Question

If l₁, m₁, n₁ ; l₂, m₂, n₂ ; l₃, m₃, n₃ are the direction cosines of three mutually perpendicular lines, prove that the line whose direction cosines are proportional to l₁ + l₂ + l₃, m₁ + m₂ + m₃, n₁ + n₂ + n₃ makes equal angles with them.

Answer 1

Let direction vector of three mutually perpendicular lines be

`veca = l_1hati + m_1hatj + n_1hatk`

`vecb = l_2hati + m_2hatj + n_2hatk`

`vecc = l_3hati + m_3hatj + n_3hatk`

Let the direction vector associated with directions cosines l₁ + l₂ + l₃, m₁ + m₂ + m₃, n₁ + n₂ + n₃ be

`vecp = (1_1 + l_2 + l_3)hati + (m_1 + m_2 + m_3)hati + (n_1 + n_2 + n_3)hatk`

As, lines associated with direction vectors a, b and c are mutually perpendicular

We have `veca . vecb`  = 0   ......[dot product of two perpendicular vector is 0]

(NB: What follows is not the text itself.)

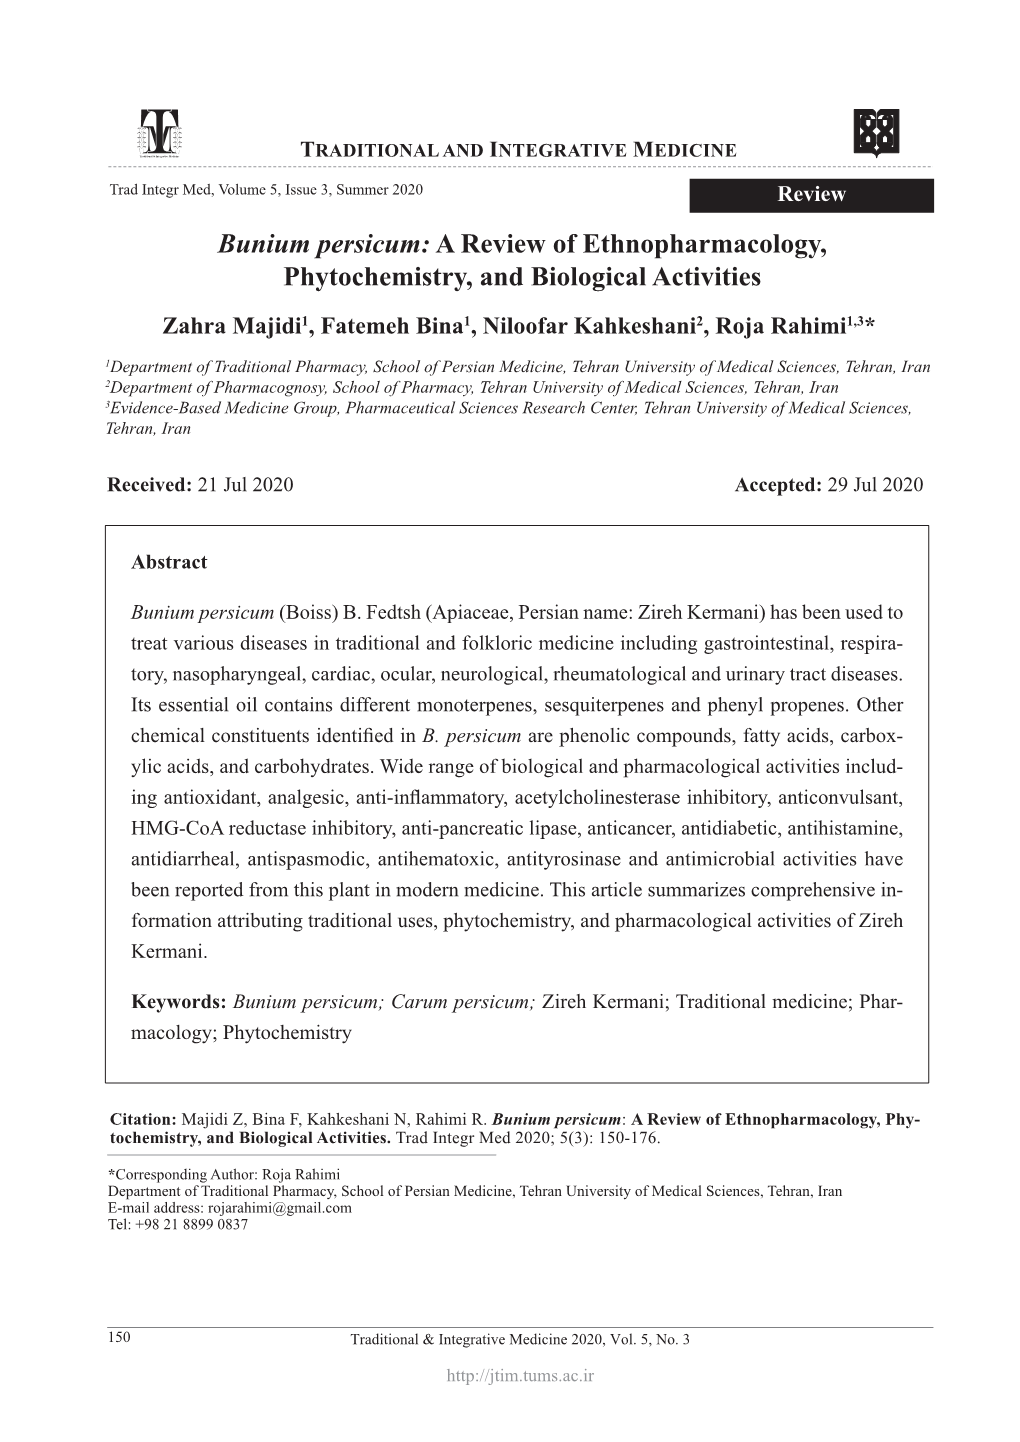 Bunium Persicum: a Review of Ethnopharmacology, Phytochemistry, and Biological Activities Zahra Majidi1, Fatemeh Bina1, Niloofar Kahkeshani2, Roja Rahimi1,3*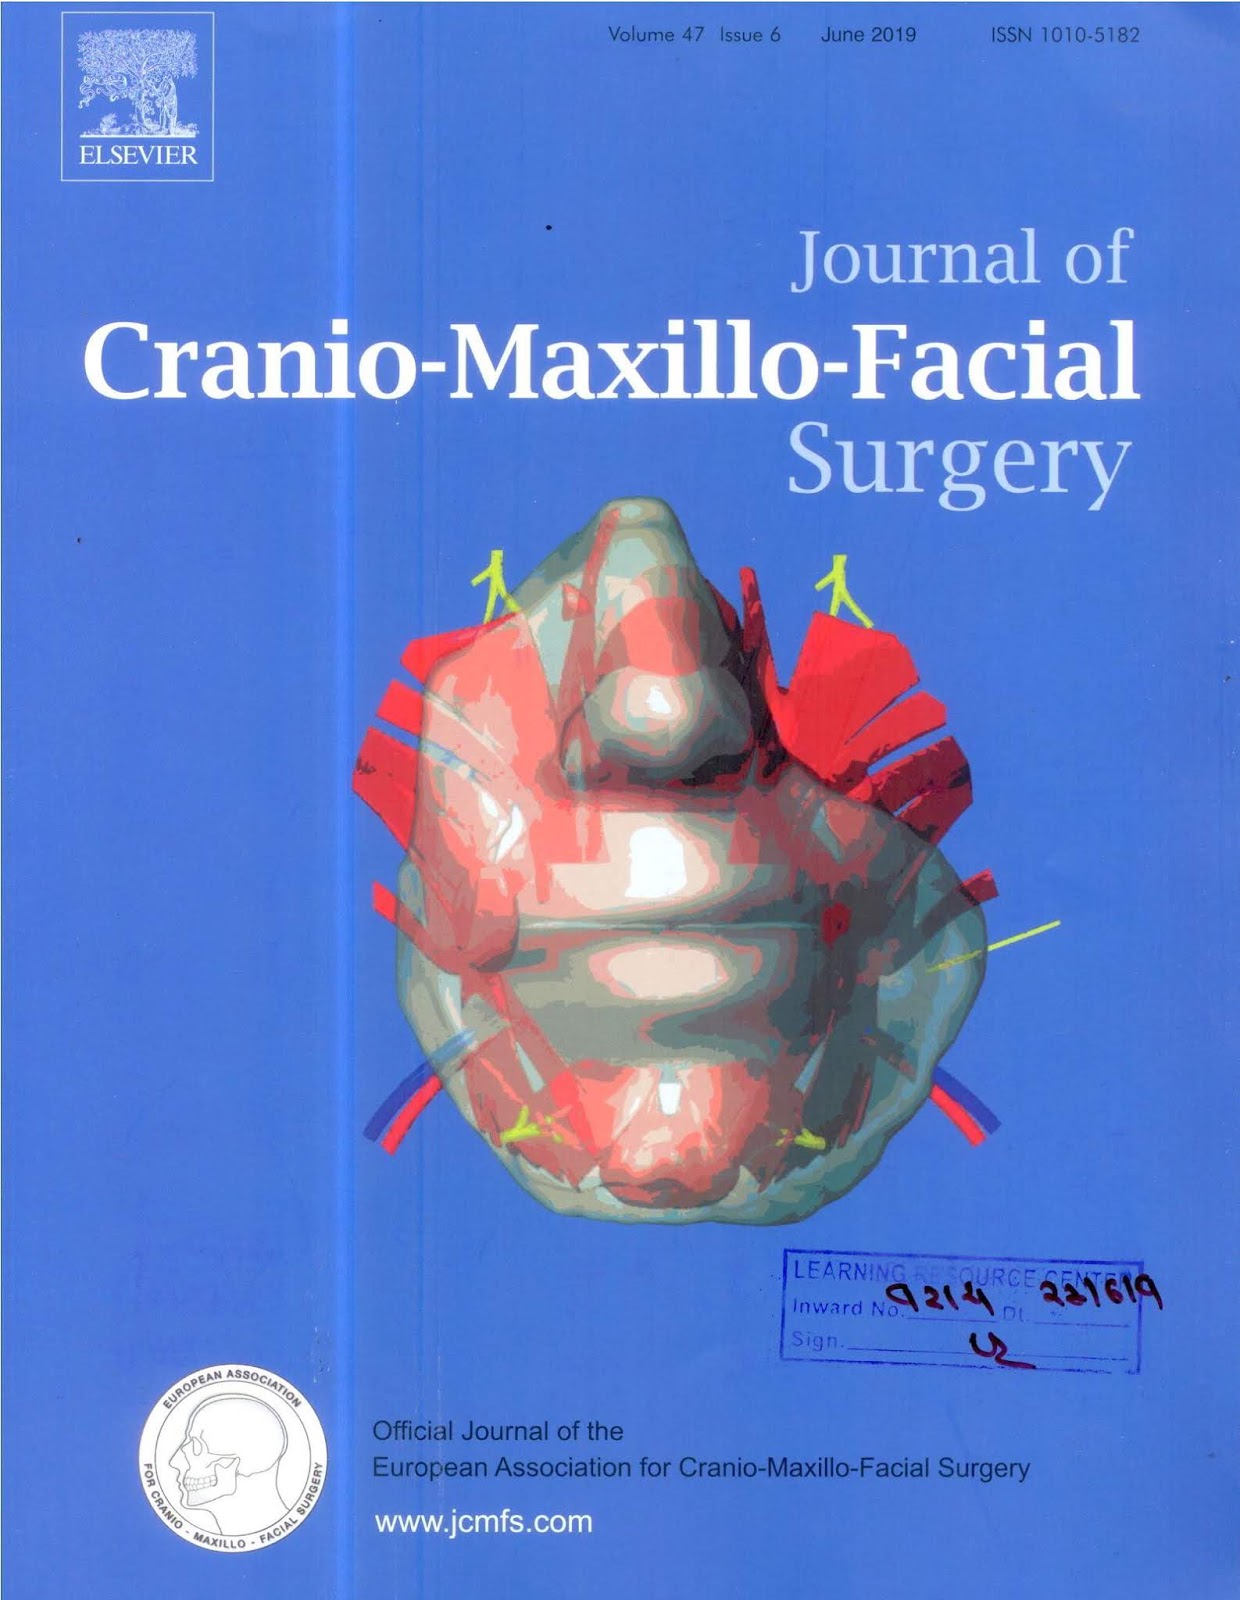 https://www.sciencedirect.com/journal/journal-of-cranio-maxillofacial-surgery/vol/47/issue/6

⇒ l₁l₂ + m₁m₂ + n₁n₂ = 0   .....[1]

Similarly, `veca . vecc` = 0

⇒ l₁l₃ + m₁m₃ + n₁n₃ = 0   ......[2]

And `vecb . vecc` = 0

⇒ l₂l₃ + m₂m₃ + n₂n₃ = 0   ......[3]

Now, let x, y, z be the angles made by direction vectors a, b and c respectively with p

Therefore, `cosx = veca. vecp`

⇒ cos x = l₁(l₁ + l₂ + l₃) + m₁(m₁ + m₂ + m₃) + n₁(n₁+ n₂ + n₃)

⇒ cos x = l₁² + l₁l₂ + l₁l₃ + m₁² + m₁m₂ + m₁m₃ + n₁² + n₁n₂ + n₁n₃

⇒ cos x = l₁² + m₁² + n₁² + (l₁l₂ + m₁m₂ + n₁n₂) + (l₁l₃ + m₁m₃ + n₁n₃)

As we know l₁² + m₁² + n₁² = 1 because sum of squares of direction cosines of a line is equal to 1

⇒ cos x = 1 + 0 = 1   ......[From, 1 and 2]

Similarly, cos y = 1 and cos z = 1

⇒ x = y = z = 0

Hence, angle made by vector p, with vectors a, b and c are equal!